◆ Task instructions:
With the images removed, write out every line below exactly.

◆ Input for this task:
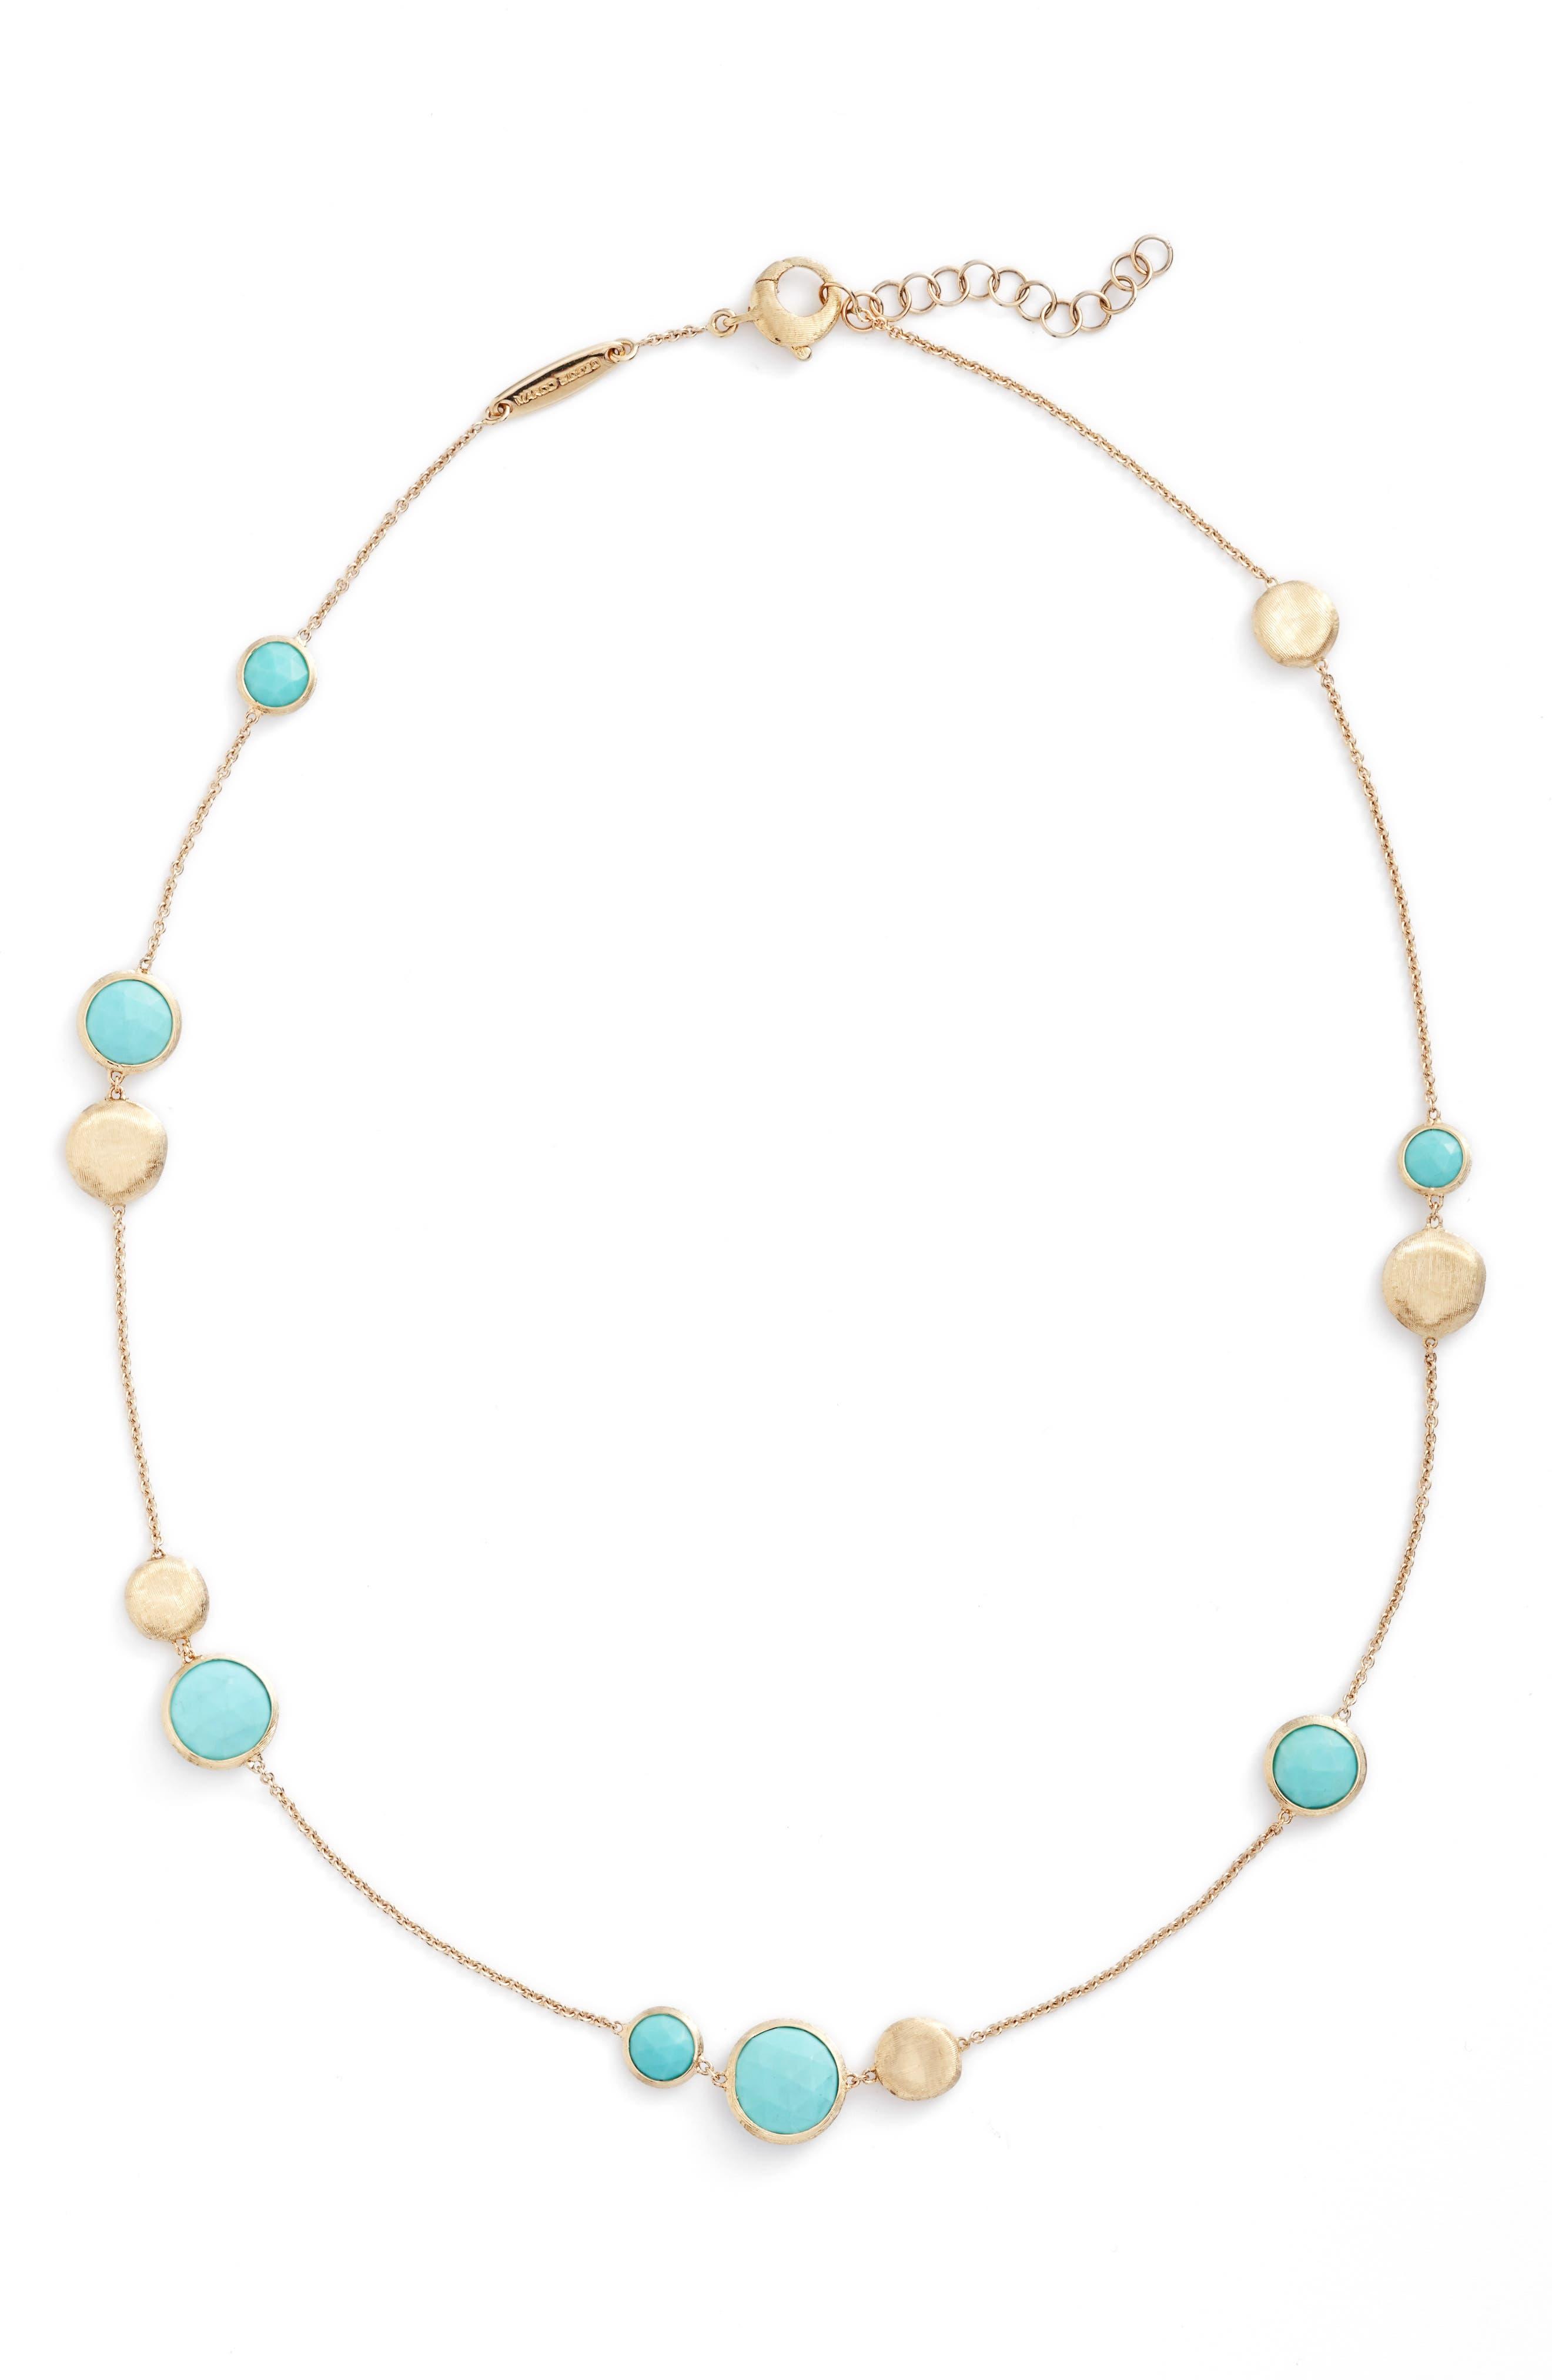 Jaipur Stone Collar Necklace,                             Main thumbnail 1, color,                             710
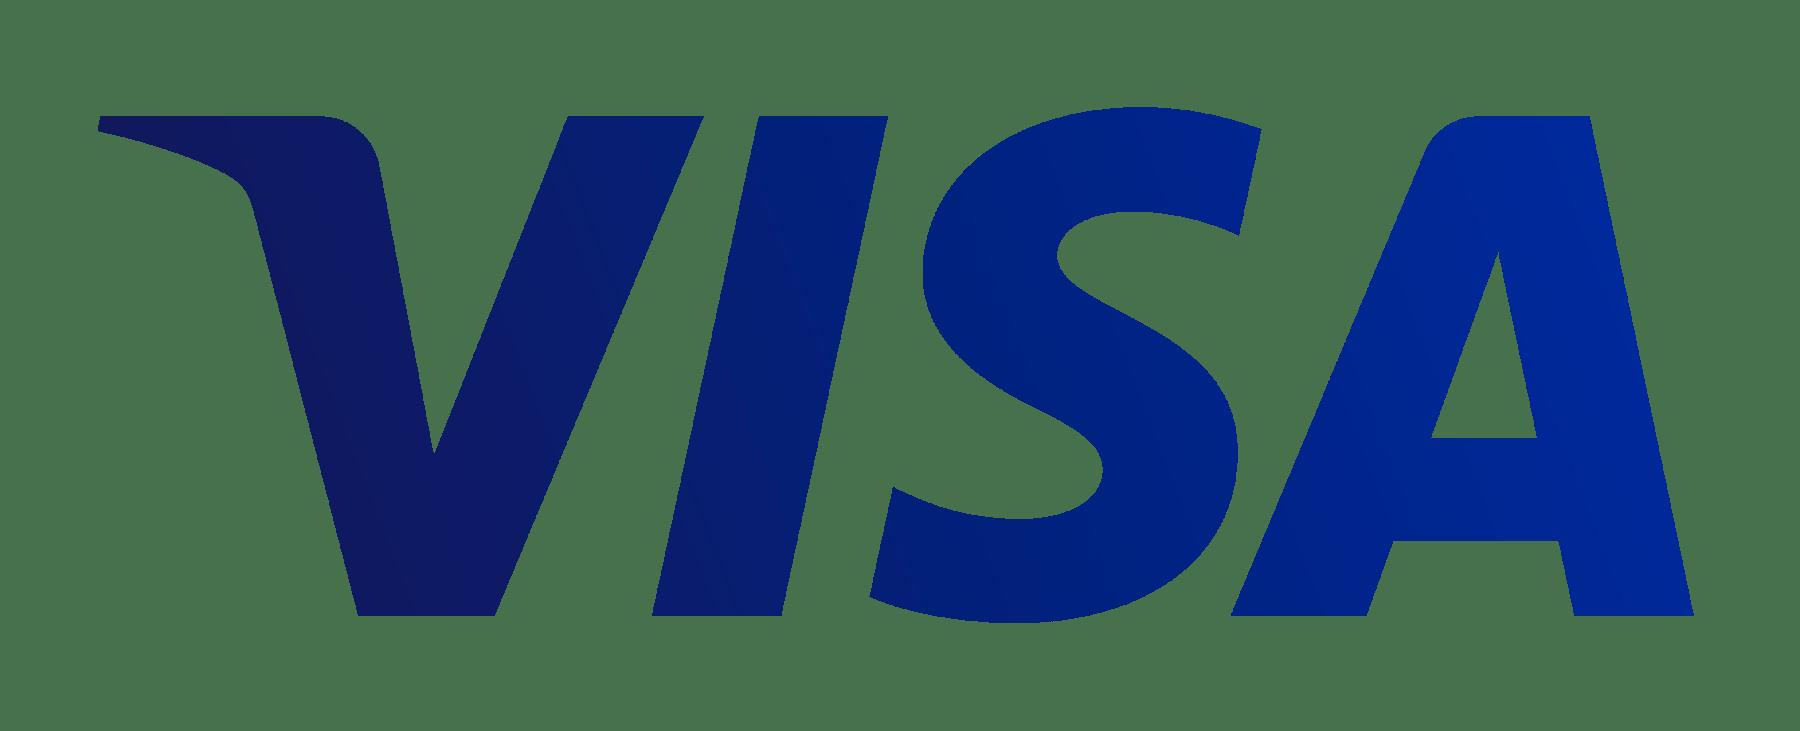 https://rocsavings.com/wp-content/uploads/2019/07/VISA-logo.png
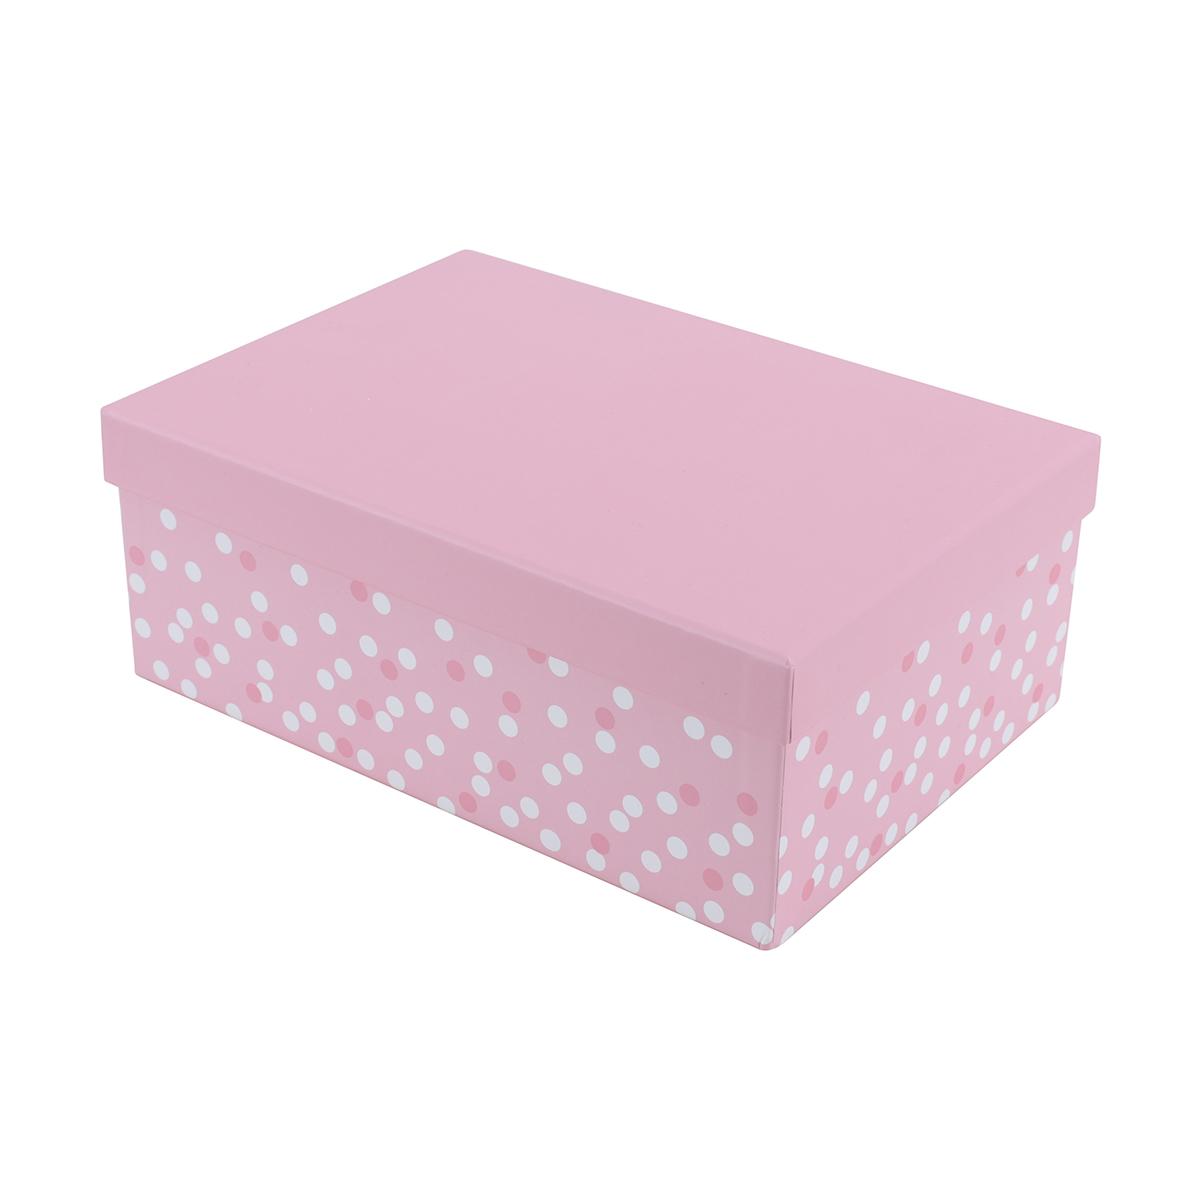 Pink Spot Gift Box Kmart
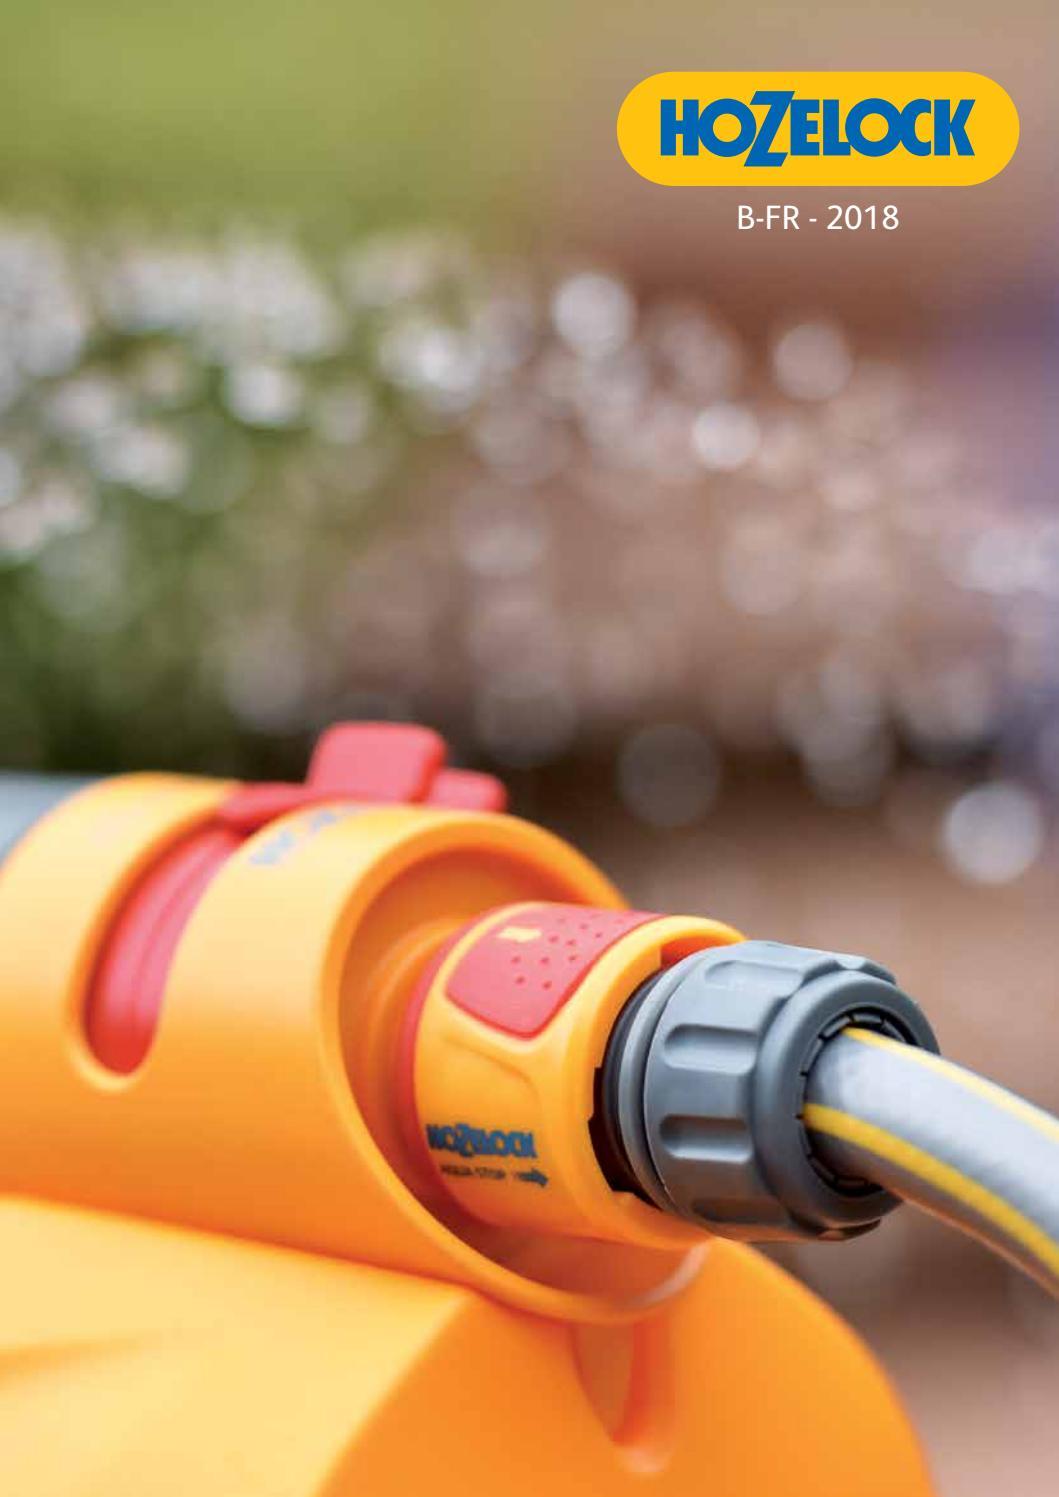 Hozelock easyclear 3000 filtre fontaine ROTOR DE POMPE Code:3418
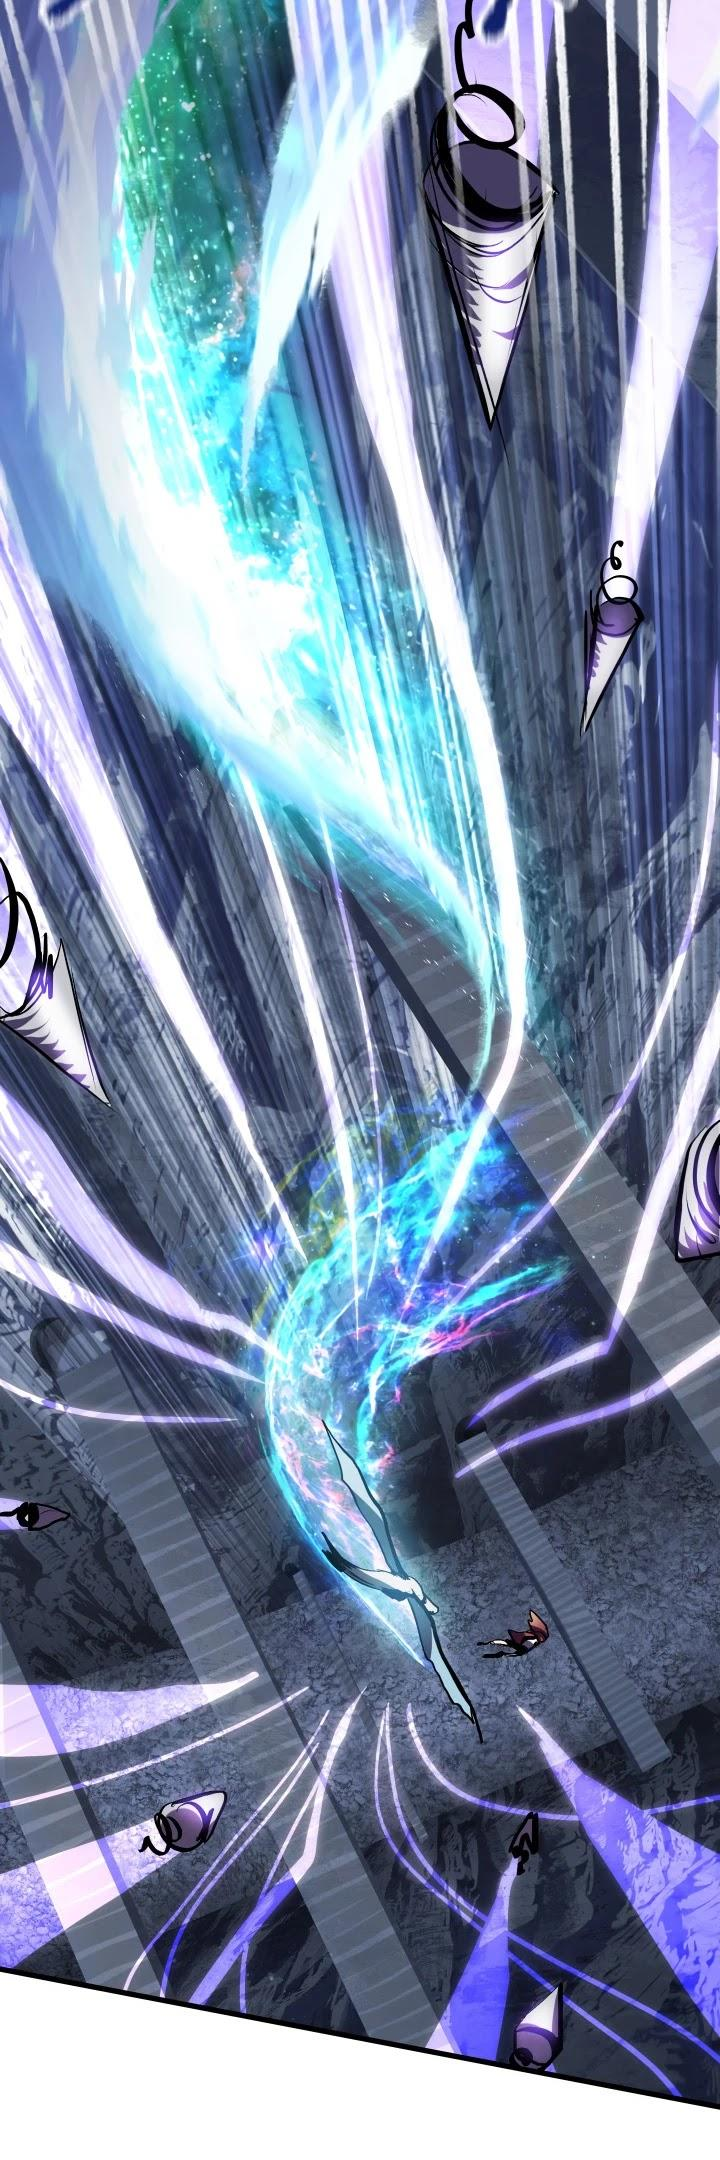 Survival Story Of A Sword King In A Fantasy World Chapter 66 page 48 - Mangakakalots.com

◆ The completed task:
 Jaipur Stone Collar Necklace,                             Main thumbnail 1, color,                             710
 https://rocsavings.com/wp-content/uploads/2019/07/VISA-logo.png
 Pink Spot Gift Box Kmart
 Hozelock easyclear 3000 filtre fontaine ROTOR DE POMPE Code:3418
 Survival Story Of A Sword King In A Fantasy World Chapter 66 page 48 - Mangakakalots.com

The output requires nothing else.